■見ごたえたっぷりだった両チームの攻撃サッカー

 さて、雨に見舞われてからはパスが思ったように回らなくなってしまったのは、試合を見る側としては非常に残念なことだった。速いテンポのパスを回して攻め合うスタイルの両チームの対決は、実に見ごたえのあるものだったからである。

 試合が途切れる時間が少なく、濃密な展開が続くこともパス・サッカーの良さである。激しい戦いを繰り広げたこの試合でも、前半の追加タイムは「飲水タイム」を含めて2分。選手交代が何度もあった後半でも追加タイムはやはり「飲水」を含めて4分だった。それだけ、ボールデッドの時間が少なく、攻防が繰り返されたことを意味する。

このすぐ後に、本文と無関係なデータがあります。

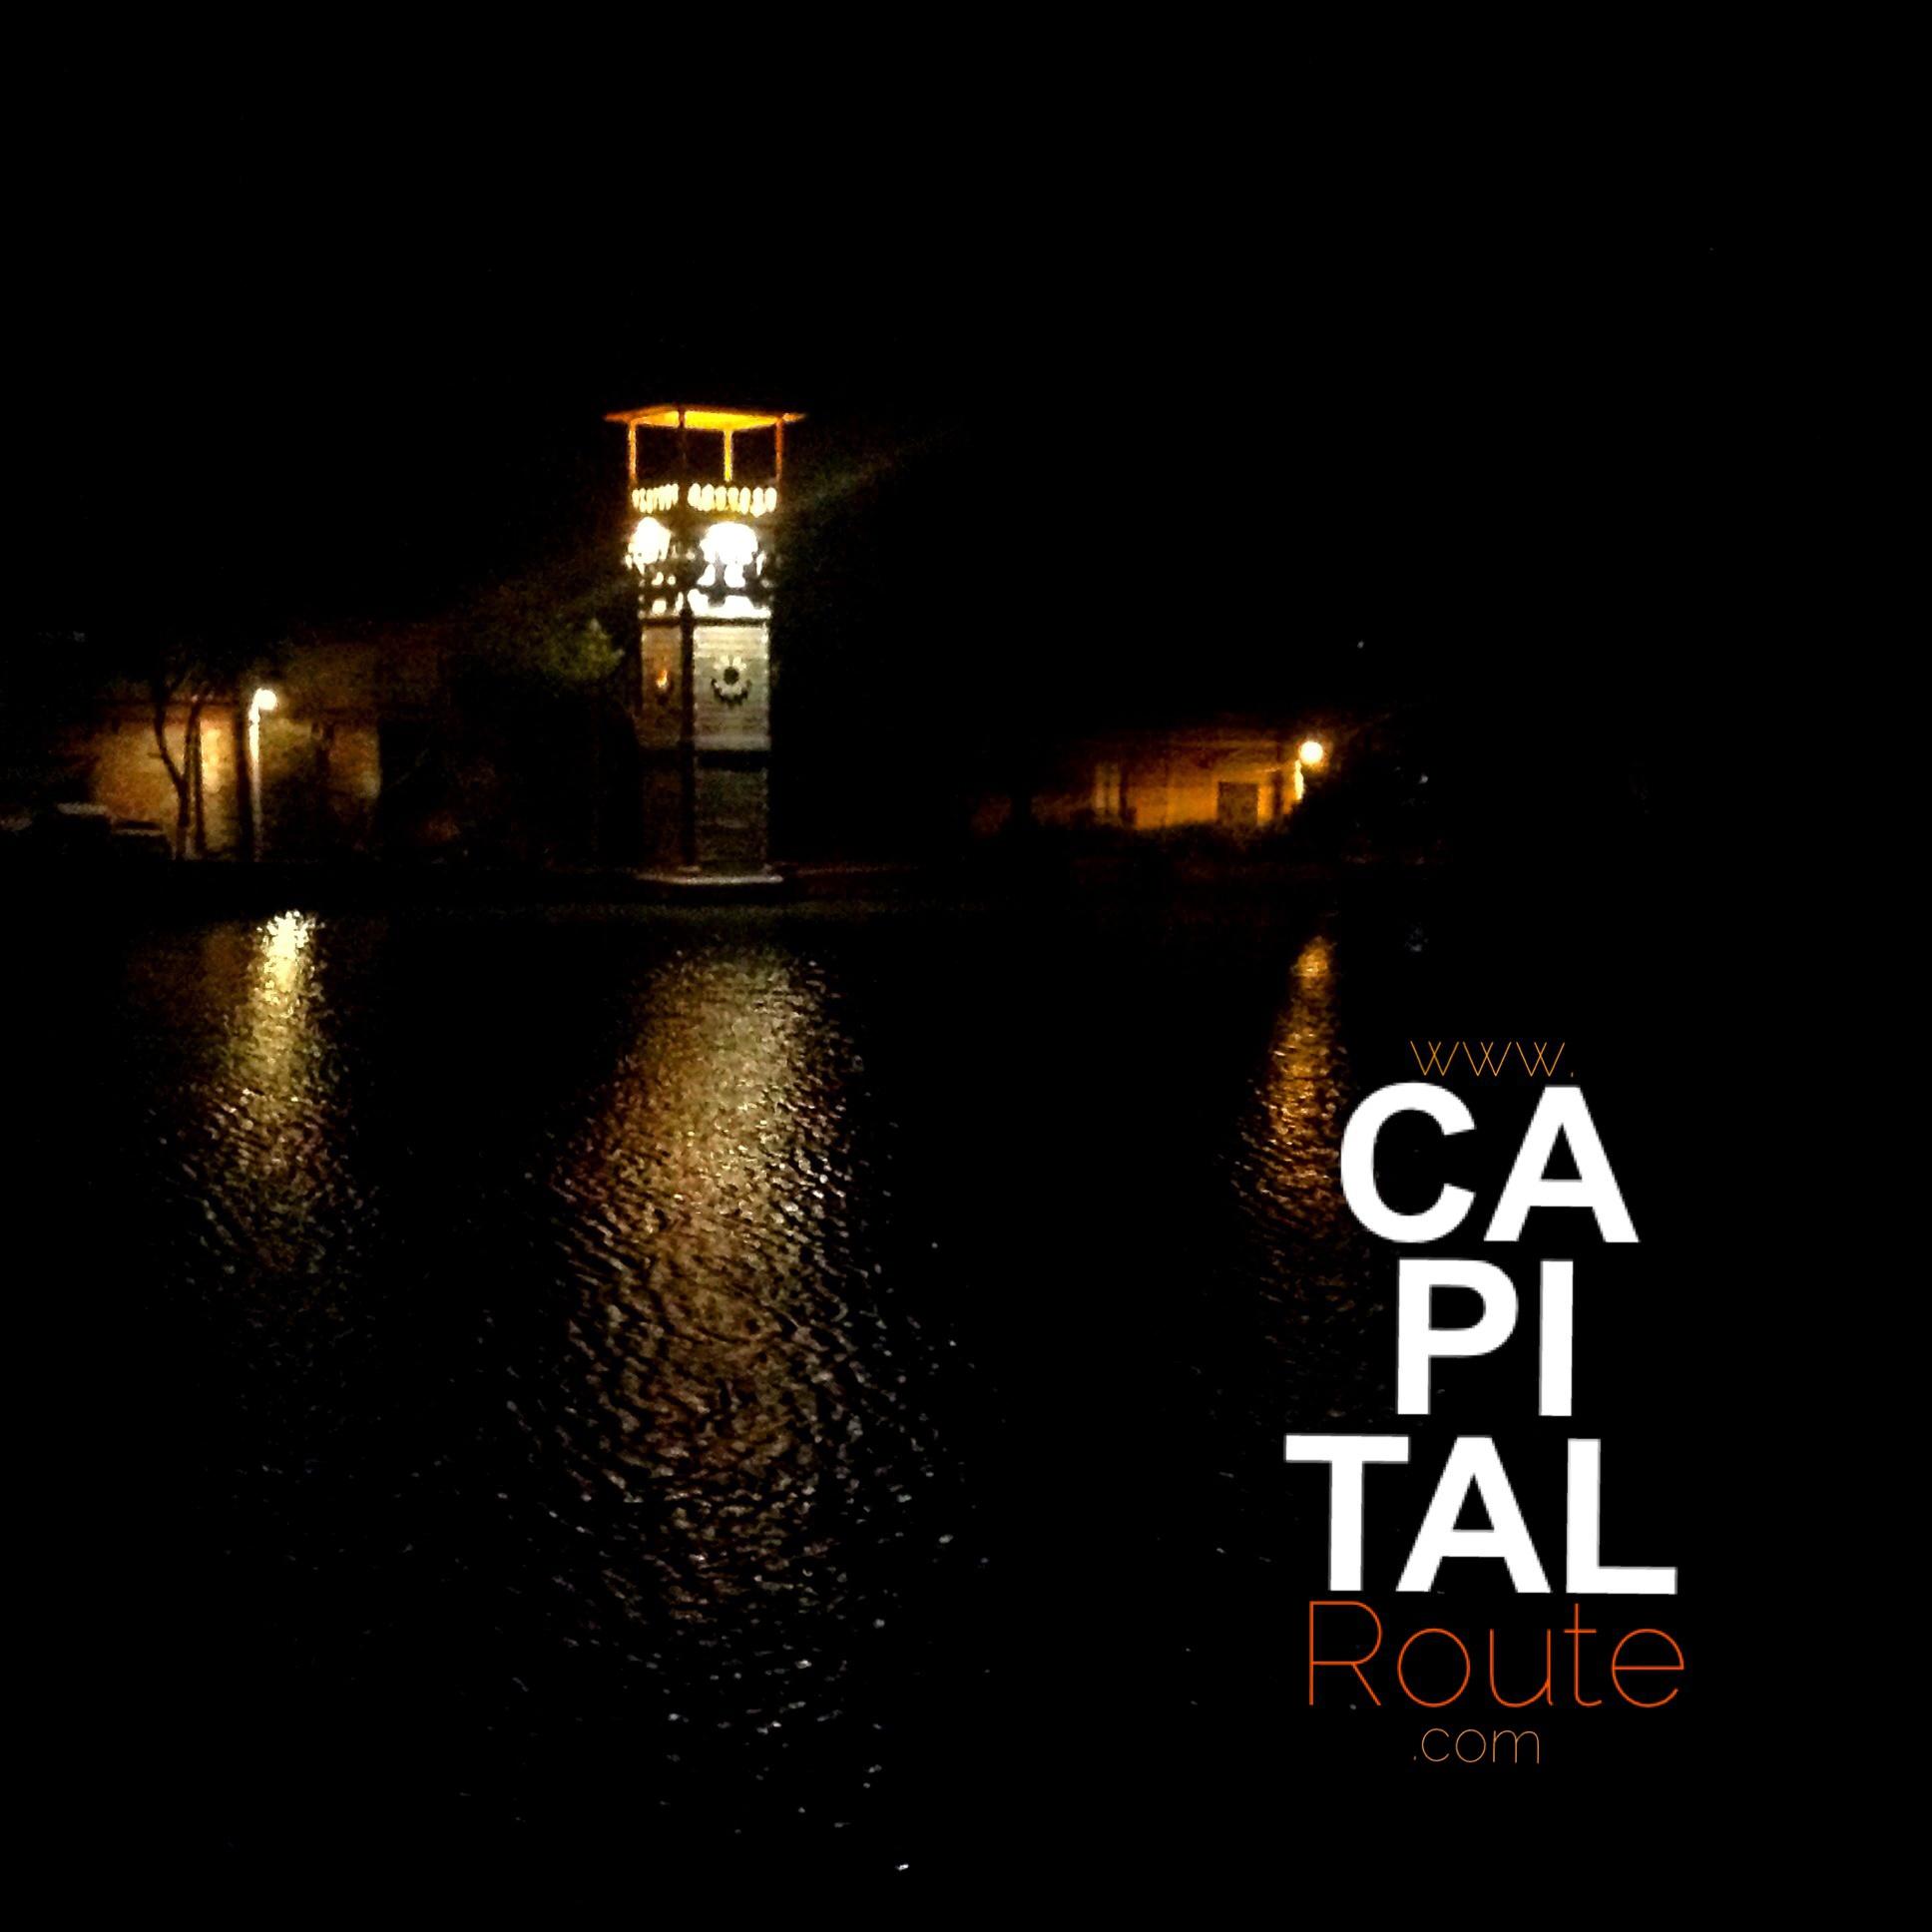 www.capitalroute.com

 さて、僕は「パス・サッカーというのはサッカーというスポーツの本質だ」と思っているのだが、どうもこのあたりが若い方々には分かっていただけないようにも感じている。

「『個の力』を上げることこそがサッカーの王道であり、『パス・サッカー』というのはそこからの逃避である」と、そんな風に思われているフシもある。田嶋幸三会長が「Japan’s way」などという奇妙な言葉を持ち出して、日本協会の取り組みをアピールしようとしたことも変に誤解を与える理由だったのかもしれない。

 だが、「パス・サッカー」というのは何も田嶋執行部なり、今の日本協会技術委員会が作り出したものではなく、非常に古い歴史を持つものだ。今から150年ほど前にサッカーという新しい競技が誕生した直後に生まれた新しい大きなトレンドなのだ。